At the L3/L4 level, the outcome is identical. Backend traffic is allowed, unauthorized traffic is blocked. If you only looked at the test results, you wouldn’t be able to tell which CNI was running.
The difference is underneath. With Calico, the policy was enforced through iptables rules. With Cilium, it was enforced by an eBPF program compiled from your policy and loaded into the kernel. That program runs every time a packet arrives at the frontend pod, making the allow/deny decision at the kernel level without going through a chain of rules.
At this layer, the practical benefit is mostly performance: eBPF enforcement scales better as you add more policies and more pods. But the real payoff comes when you move beyond L3/L4. Because Cilium’s enforcement engine runs in the kernel and can inspect full packet contents, it can filter based on HTTP methods, paths, and headers. That’s Layer 7 filtering, and it’s something iptables-based CNIs simply can’t do.

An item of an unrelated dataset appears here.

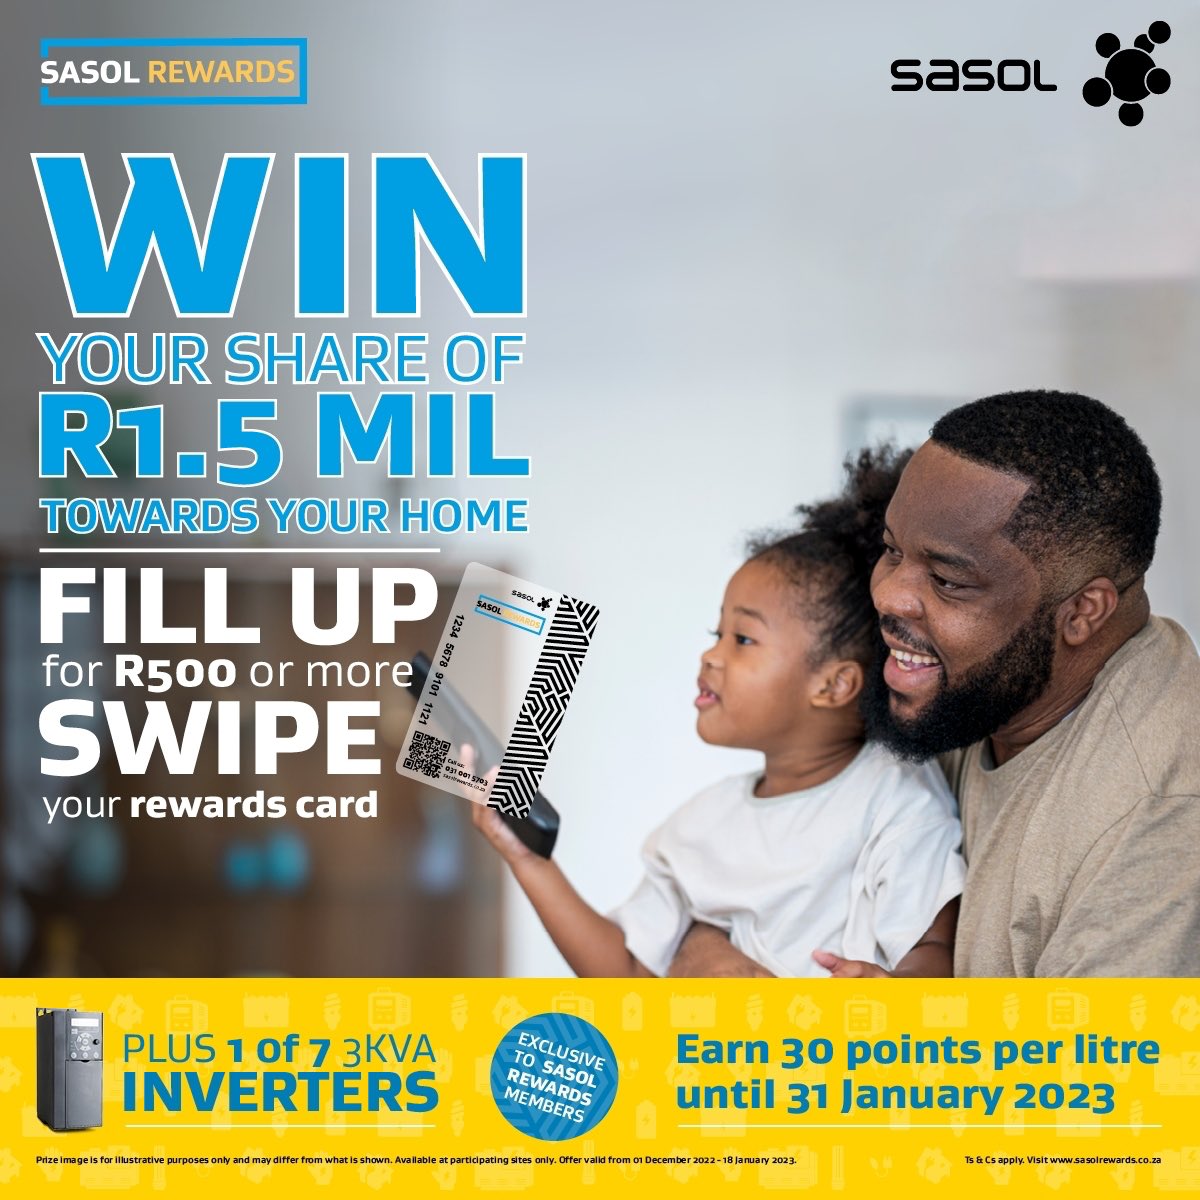 By simply swiping your #SasolRewards card when you fill up with R500 or more, you could win 1 of 7 inverters and say bye bye to loadshedding 😁 or, win a share of 1.5 Milli 💰 towards your home. Visit your nearest Sasol now and swipe 😁 

🔗: bit.ly/3hOrj2f

We’ll see that in action in the next article.
Clean Up
Delete the cluster:
kind delete cluster
Conclusion
In this article, we looked at what sits underneath Cilium and why it matters: eBPF. Where traditional CNIs like Calico enforce policies through iptables rule chains in user space, Cilium compiles policies into eBPF programs that run directly in the Linux kernel. Packets are inspected at the earliest possible point, before they reach user space, before they travel through a chain of rules.
We walked through the eBPF ecosystem and saw how Cilium’s architecture turns policies into bytecode that gets injected into the kernel and attached to each container. Then we built a Kind cluster with Cilium, deployed the same frontend and backend app from Article 2, and applied a CiliumNetworkPolicy that achieved the same result as our Calico policy: backend traffic allowed, everything else blocked.
At the L3/L4 level, the outcome is the same. The difference is how it’s enforced. Cilium’s eBPF-based enforcement scales better as policies and pods grow, and it opens the door to capabilities that iptables can’t support.
The most significant of those capabilities is Layer 7 filtering. Standard Network Policies can control which pods talk to which, on which ports and protocols. But they can’t look inside the traffic. They can’t distinguish between a safe API call and a dangerous one hitting the same pod on the same port. Cilium can, because its enforcement engine has access to the full packet contents at the kernel level.
In the next article, we’ll see that in practice. We’ll deploy Cilium on Azure Kubernetes Service (AKS), take it to the cloud, and use the Star Wars demo to apply Layer 7 policies that filter traffic based on HTTP methods and paths. You’ll see what it looks like when your CNI doesn’t just control who talks to whom, but controls what they’re allowed to say.